I am trying to use KNN for imputing categorical variables in python.
In order to do so, a typical way is to one hot encode the variables before. However sklearn OneHotEncoder() doesn't handle NAs so you need to rename them to something which creates a seperate variable.
Small reproducible example:
import pandas as pd
import numpy as np
from sklearn.preprocessing import OneHotEncoder
from sklearn.impute import SimpleImputer
#Create random pandas with categories to impute
data0 = pd.DataFrame(columns=["1","2"],data = [["A",np.nan],["B","A"],[np.nan,"A"],["A","B"]])
original data frame:
data0
1 2
0 A NaN
1 B A
2 NaN A
3 A B
Proceed with one hot encoding:
#Rename for sklearn OHE
enc_missing = SimpleImputer(strategy="constant",fill_value="missing")
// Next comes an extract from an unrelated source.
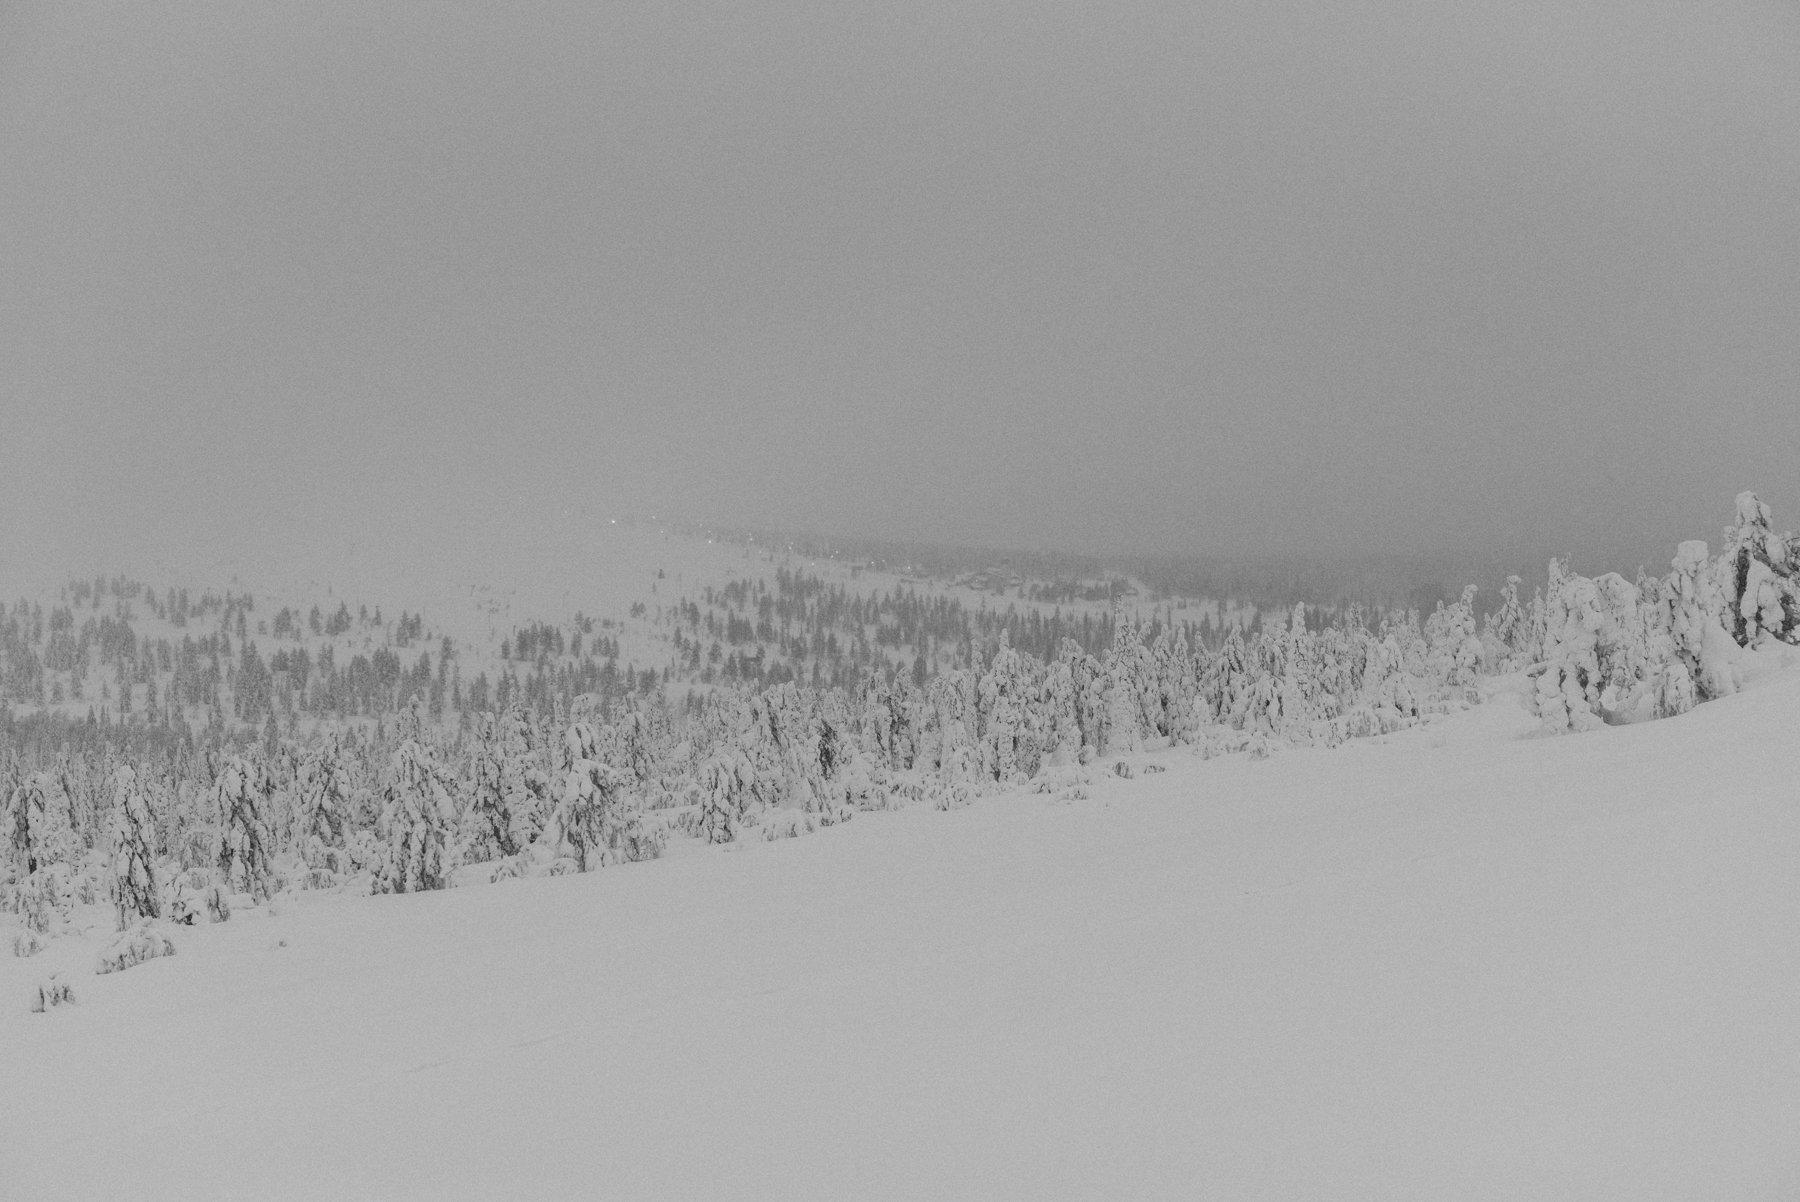 reisefotografie-lappland-finnland-138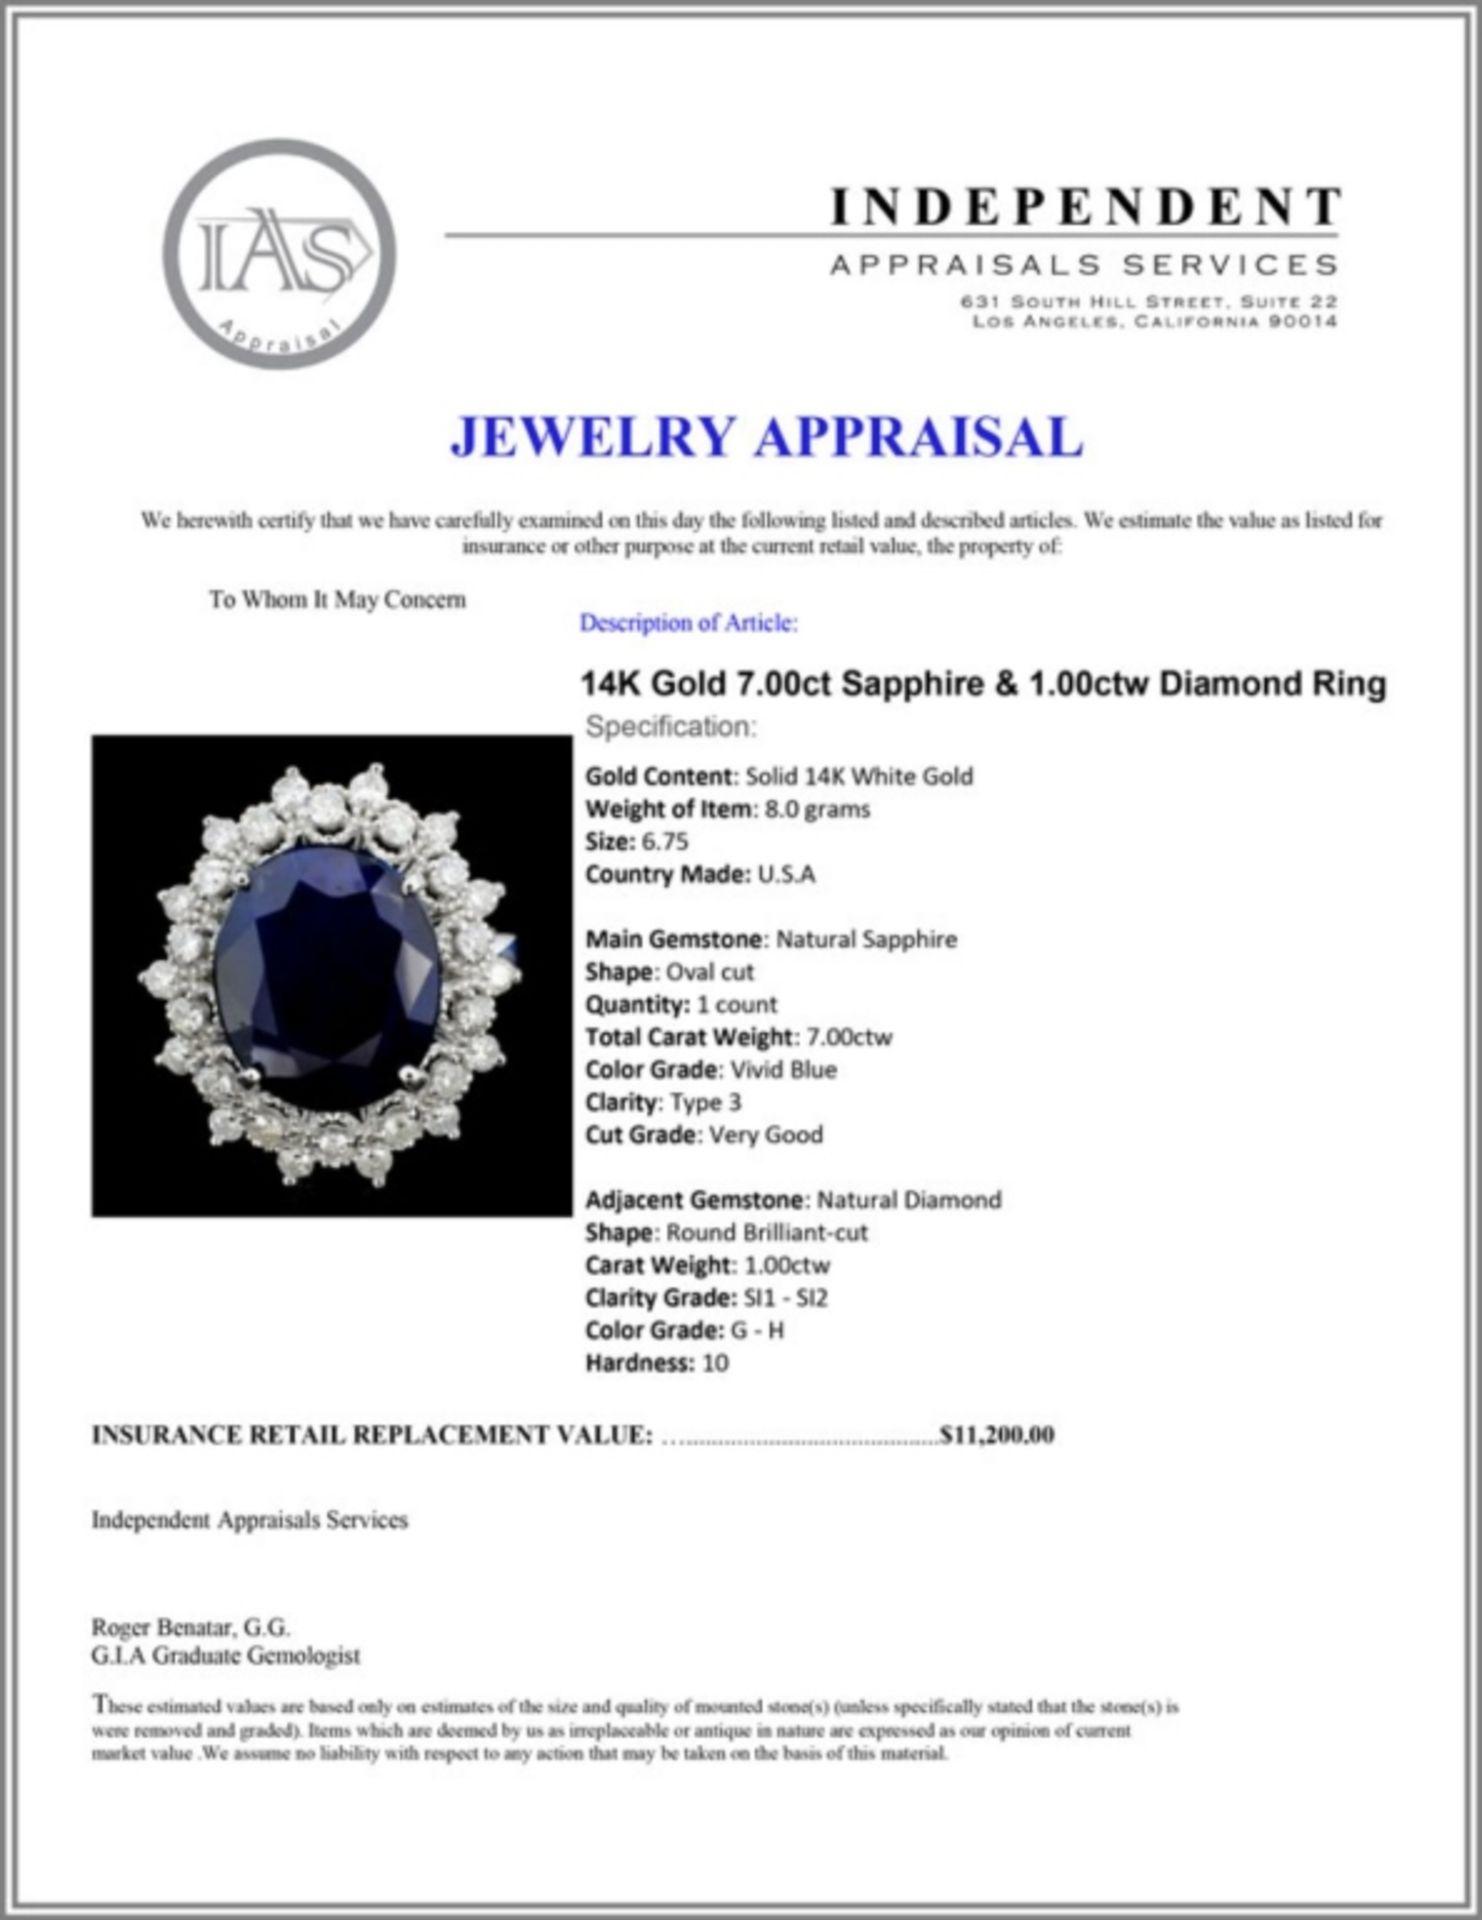 14K Gold 7.00ct Sapphire & 1.00ctw Diamond Ring - Image 4 of 4

data1 = enc_missing.fit_transform(data0)
# Perform OHE:
OHE = OneHotEncoder(sparse=False)
data_OHE = OHE.fit_transform(data1)
Data_OHE is now one hot encoded:
Data_OHE
array([[1., 0., 0., 0., 0., 1.],
[0., 1., 0., 1., 0., 0.],
[0., 0., 1., 1., 0., 0.],
[1., 0., 0., 0., 1., 0.]])
But because of the seperate "missing" category - i dont have any nans to impute anymore.
My desired output of one hot encoding
array([[1, 0, np.nan, np.nan],
[0, 1, 1, 0 ],
[np.nan, np.nan, 1, 0 ],
[1, 0, 0, 1 ]
])
Such that I keep nans for later imputation.
Do you know any way to do this?
From my understanding this is something that has been discussed in the scikit-learn Github repo here
and here, i.e. to make OneHotEncoder handle this automatically with a handle_missing
argument, but i am unsure of the status of their work.